### Given material
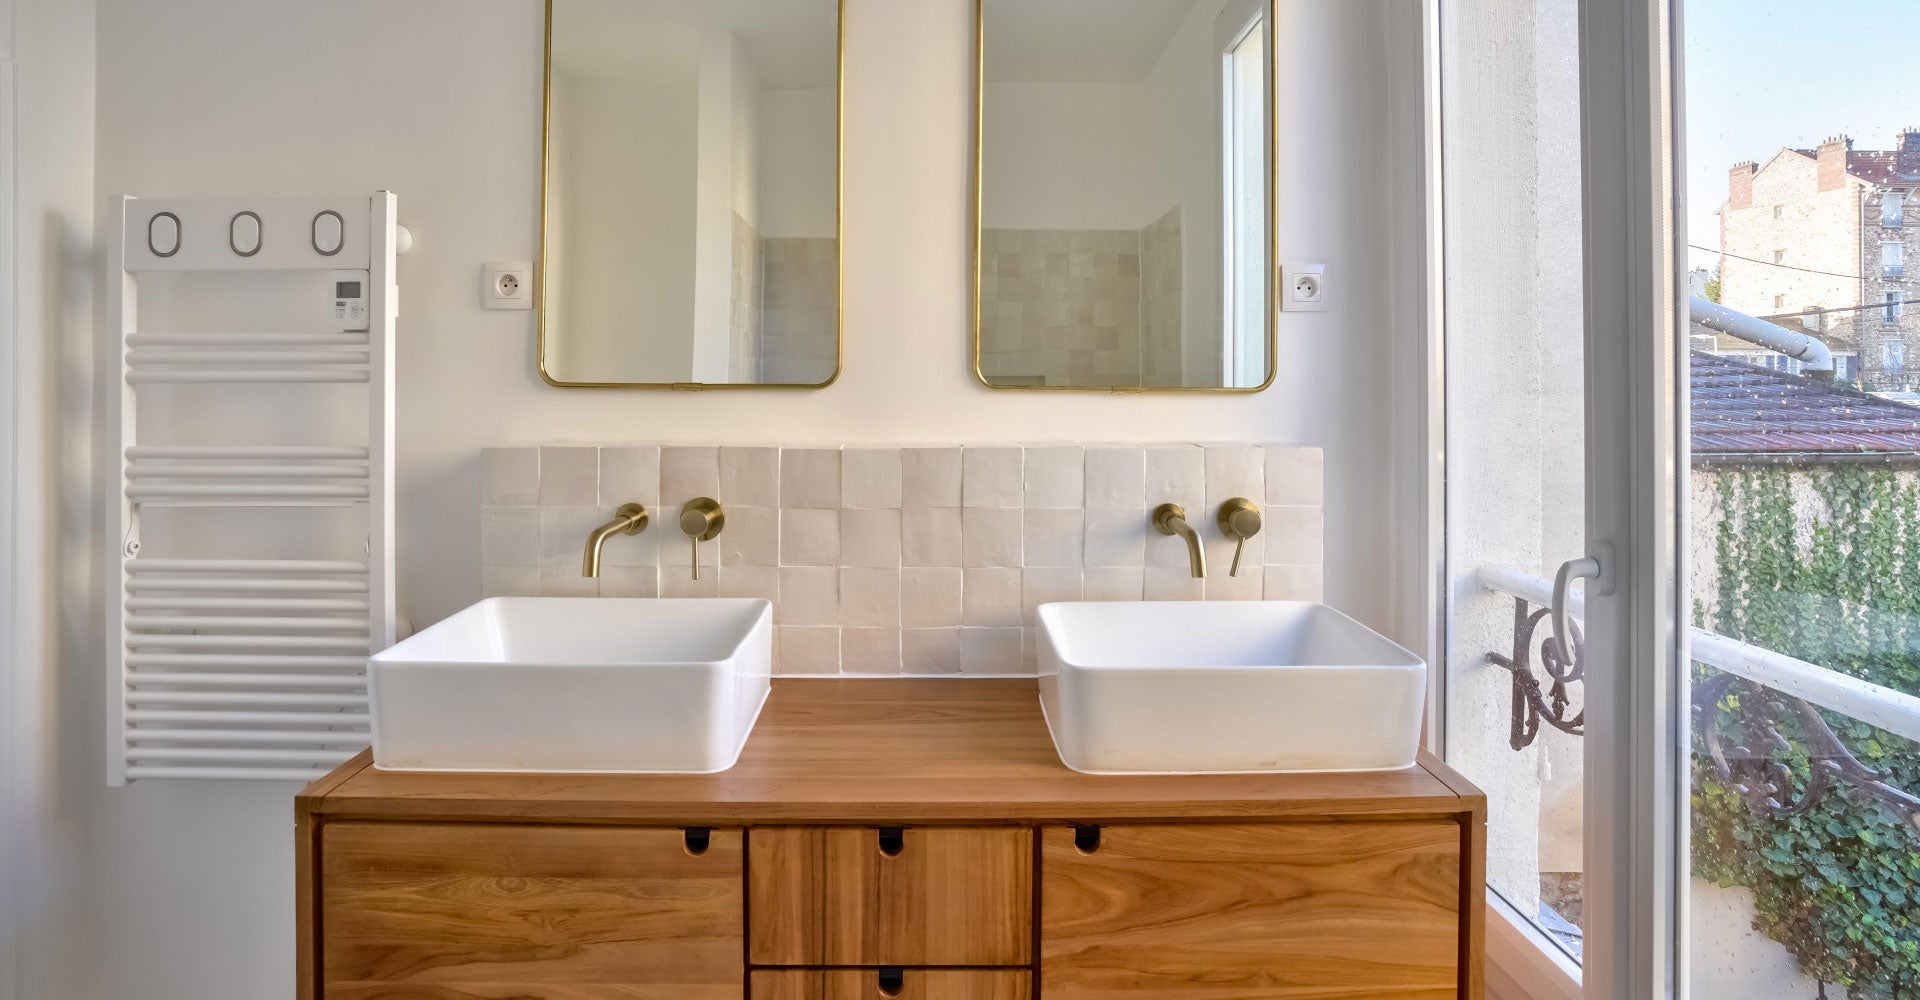 Salle de bains double vasque avec miroirs
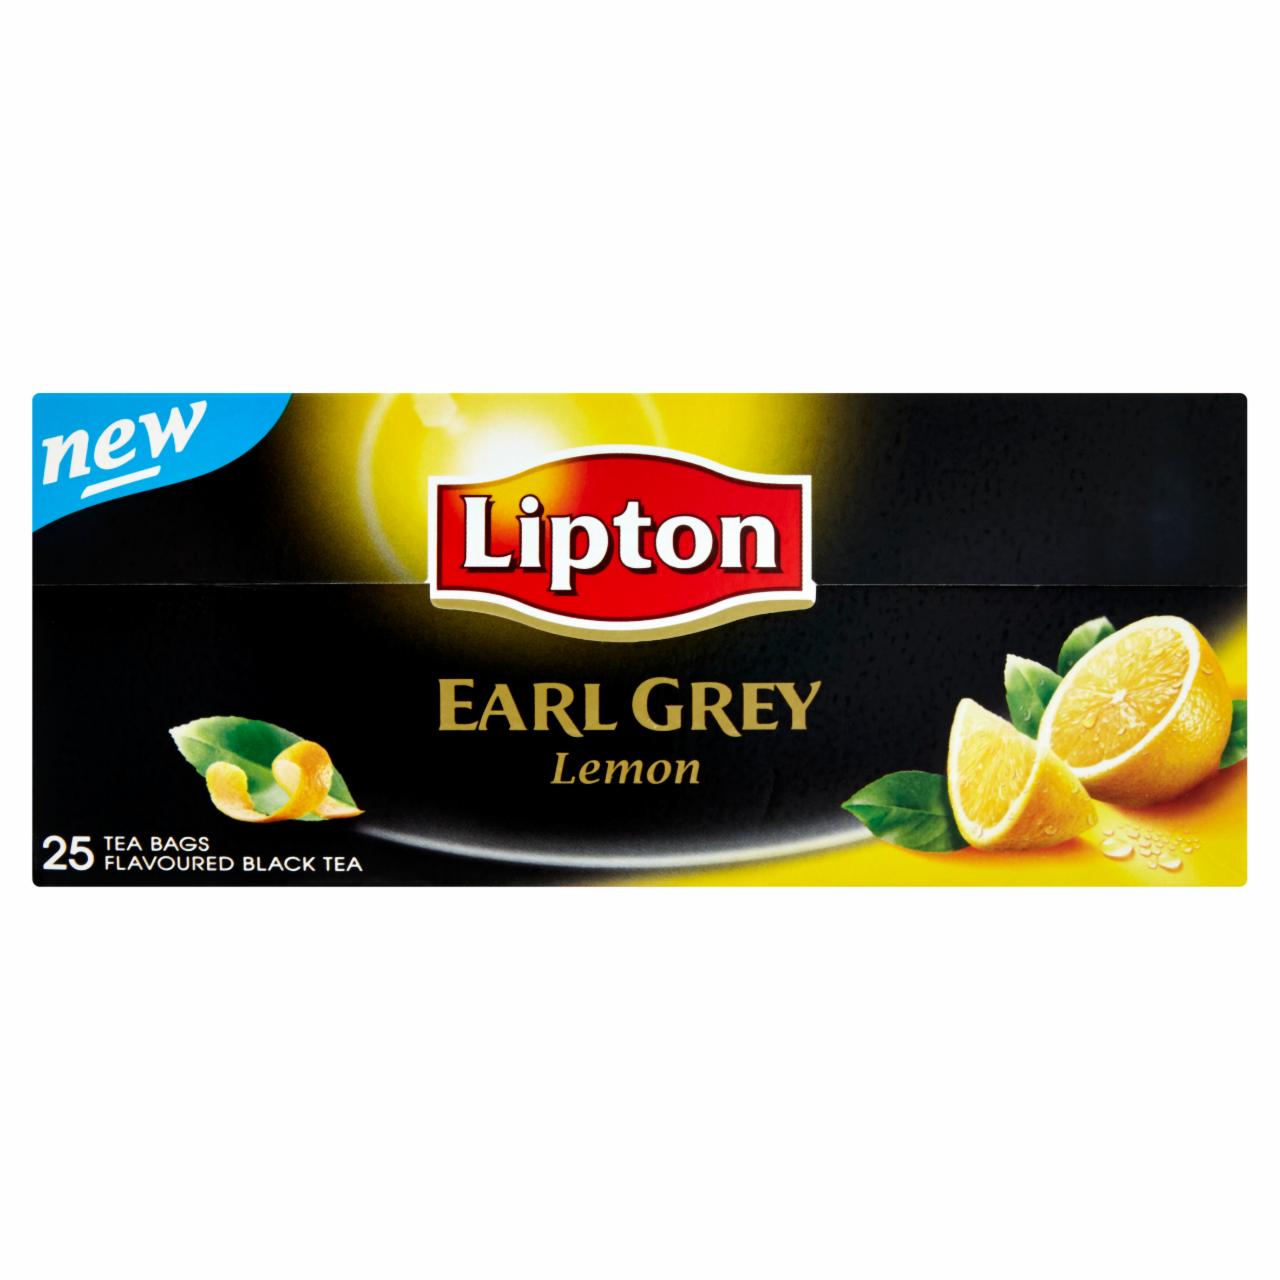 Képek - Lipton Earl Grey citrom ízű fekete tea 25 filter
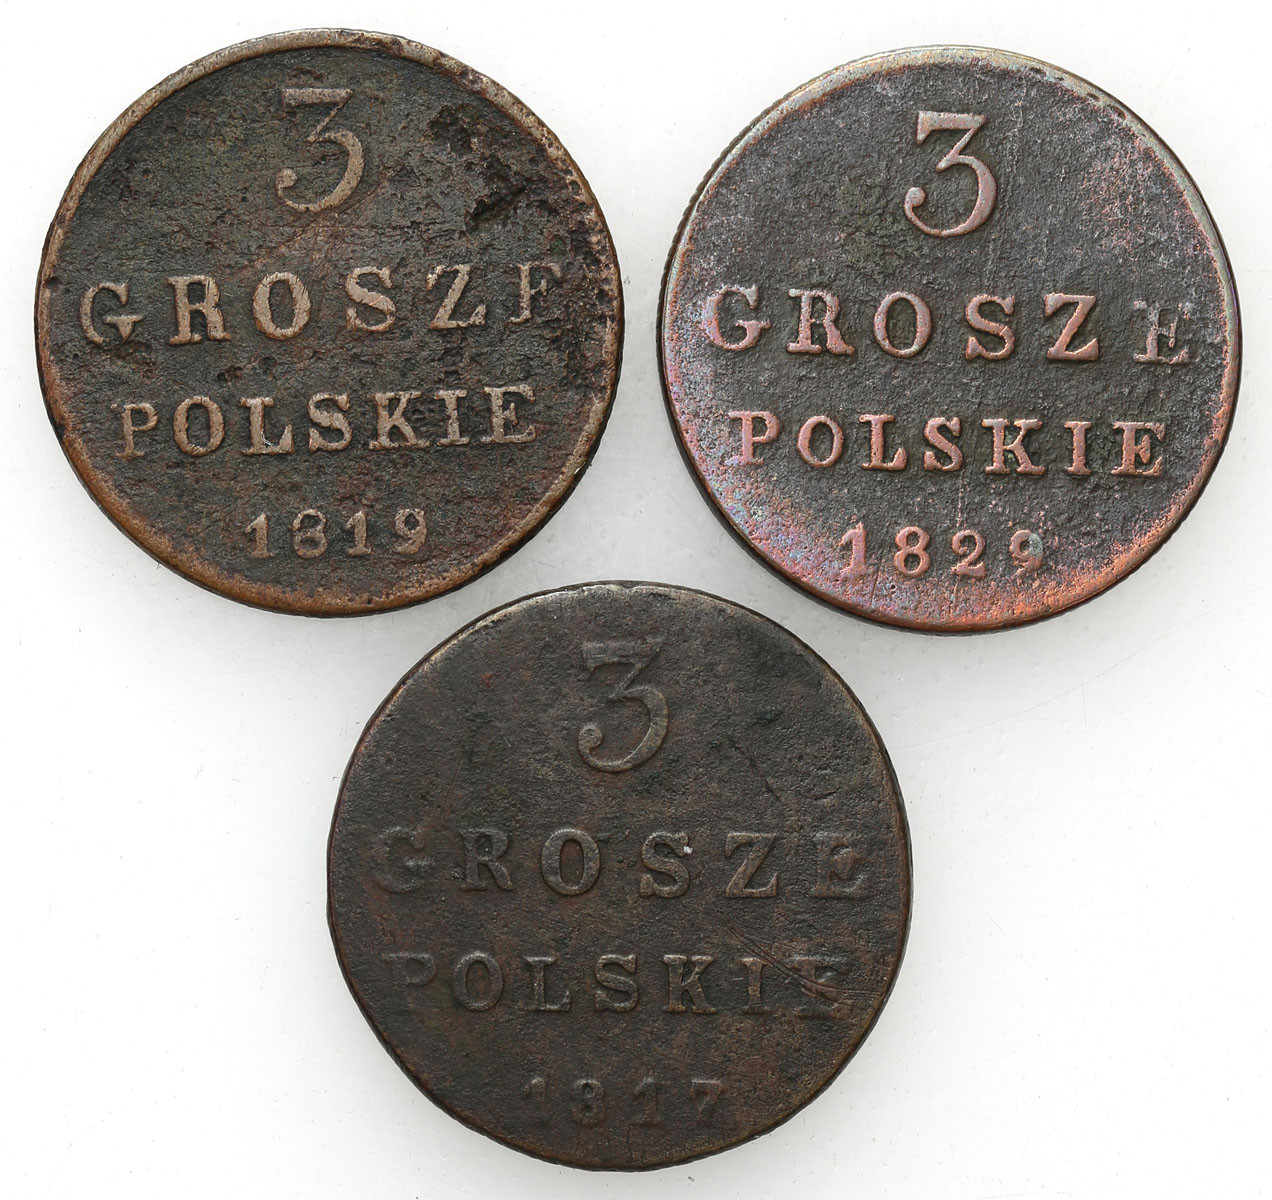 Polska XIX w./Rosja. Aleksander I, Mikołaj I. 3 grosze (trojak) 1817, 1819, 1829, Warszawa, zestaw 3 monet

### What is expected
Extract word for word every line from the line that contains "Képek - Lipton" to the final line of the data, both included, and nothing else; skip the pictures.

### The completed task
 Képek - Lipton Earl Grey citrom ízű fekete tea 25 filter
 Polska XIX w./Rosja. Aleksander I, Mikołaj I. 3 grosze (trojak) 1817, 1819, 1829, Warszawa, zestaw 3 monet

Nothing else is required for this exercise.